If you're like many people, you're carrying a debt load that you'd rather not have, and you'd also like to be accumulating funds for retirement. When a few extra dollars come your way, it can sometimes be hard to decide what to do with them. For example, you might spend them, pay off debt, or invest them.

The stock market can be particularly tempting, as stocks can increase in value by double digits sometimes. It's not easy to focus on how to pay off debt when you're looking at a biotech company that might double next year. Things are not quite what they seem, though. It becomes a simpler matter when you understand this: Paying off loans can actually deliver the biggest bang for your bucks.
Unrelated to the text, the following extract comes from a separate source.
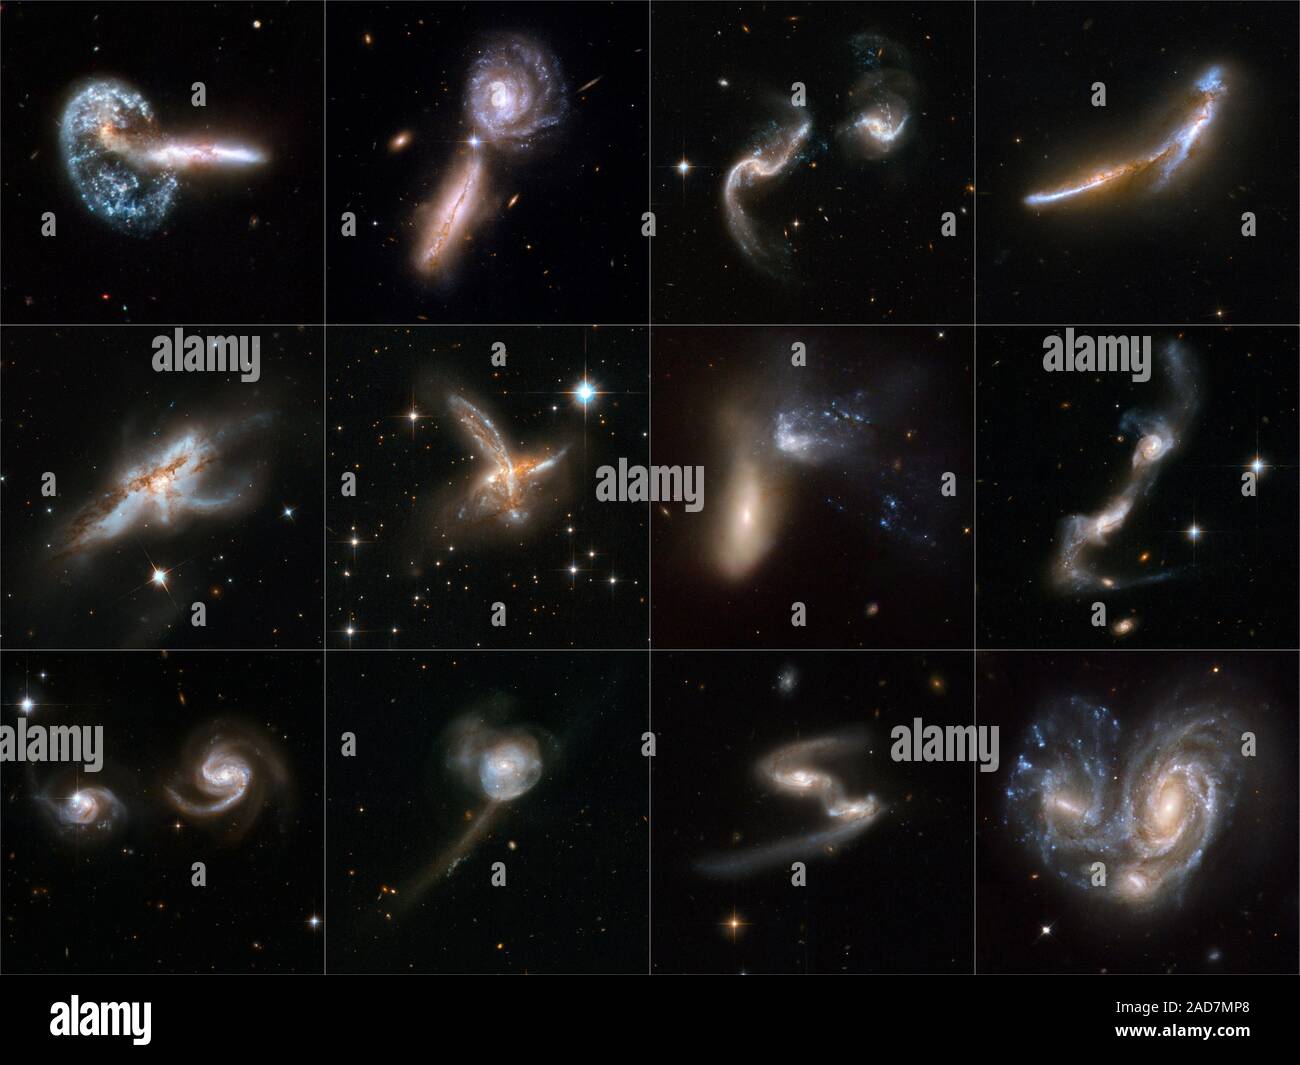 Libri di astronomia tipicamente presenti galassie come compassato, solitaria e maestosa isola mondi di stelle scintillanti. Ma galassie hanno un lato dinamico. Essi hanno incontri ravvicinati che talvolta fine in grand fusioni e traboccante di siti di stella nuova nascita come la collisione di galassie morph in mirabile nuove forme. Oggi, nella celebrazione del telescopio spaziale Hubble del xviii anniversario del lancio, 59 viste di collisione di galassie costituiscono la più grande collezione di immagini di Hubble mai rilasciato al pubblico. Questo nuovo telescopio Hubble atlas drammaticamente illustra come collisioni di galassie producono una notevole var Foto Stock

Consider these typical interest rates that many of us face on our debts:

  • Car loan: 3% or more
  • Mortgage: 4% or more
  • Home equity loans: 5% or more
  • Student loans: 7% or more
  • Credit card balances: 16% to 20% or more

Now consider that the average annual return of the overall stock market, historically, is about 10%, and that it's often less than that. Sure, in 2009 the S&P 500 soared about 26%, and in 2012 it gained 16%. But in 2005 it added less than 5%, and in 2007 not much more than 5%. In 2011 it gained only about 2%, and in 2008... well, it plunged nearly 37%.

Bigger -- and guaranteed
Put all of this information together, and what to do becomes clear. By paying off any part of a debt with a 5% interest rate, you essentially earn a guaranteed 5% return on it! If you're saddled with a lot of high-interest rate credit card debt, well, that's indeed rough. But the silver lining is that you can earn big double-digit returns when you pay off that debt. If you pay $1,000 toward a loan charging you 20%, you're saving yourself from having to fork over some $200 annually on that debt. In fact, if you left that $1,000 principal in place, you'd be paying a lot of interest on it year after year -- so by paying off that debt you can save a lot of money!

How to pay off debt
Actually paying off debt can be easier said than done, though. Still it's not impossible, even with huge sums. Here are a few suggestions for how to pay off debt:

  • Tackle your highest-interest rate debt first, as it will save you the most money over the long run. Then move on to lower-rate debt. Ignore minimum payment amounts and make maximum ones, paying down as much as you can.
     
  • Rein in as much of your discretionary spending as possible. There are powerful sums to be saved simply by cutting out a few luxuries such as a daily Frappuccino or a service you rarely use. Review your regular expenses, too -- you may no longer need collision coverage on your car insurance, for example, if the car is very old.
     
  • If having a credit card in your pocket makes it too tempting to charge items you don't absolutely need and may not be able to pay for right away, consider making your purchases only with cash or checks.
     
  • You might rearrange your debt by paying off higher-interest-rate credit card debt with a lower-interest home equity loan or by moving your balance to a lower-rate card.
     
  • You might even consider taking on a part-time job for a while, to generate extra income. That probably doesn't sound like an appealing option, but if you add 10 hours per week at $15 per hour for just one year, that's $7,800, pre-tax.
     
  • Don't let yourself be discouraged now or later. Get inspiration from folks who have paid off many tens of thousands of dollars in debt. You can learn a lot about how to pay off debt from them.

How to pay off debt becomes a simpler matter once you see how powerful an investment in your future it really is, and once you create a plan for actually doing it.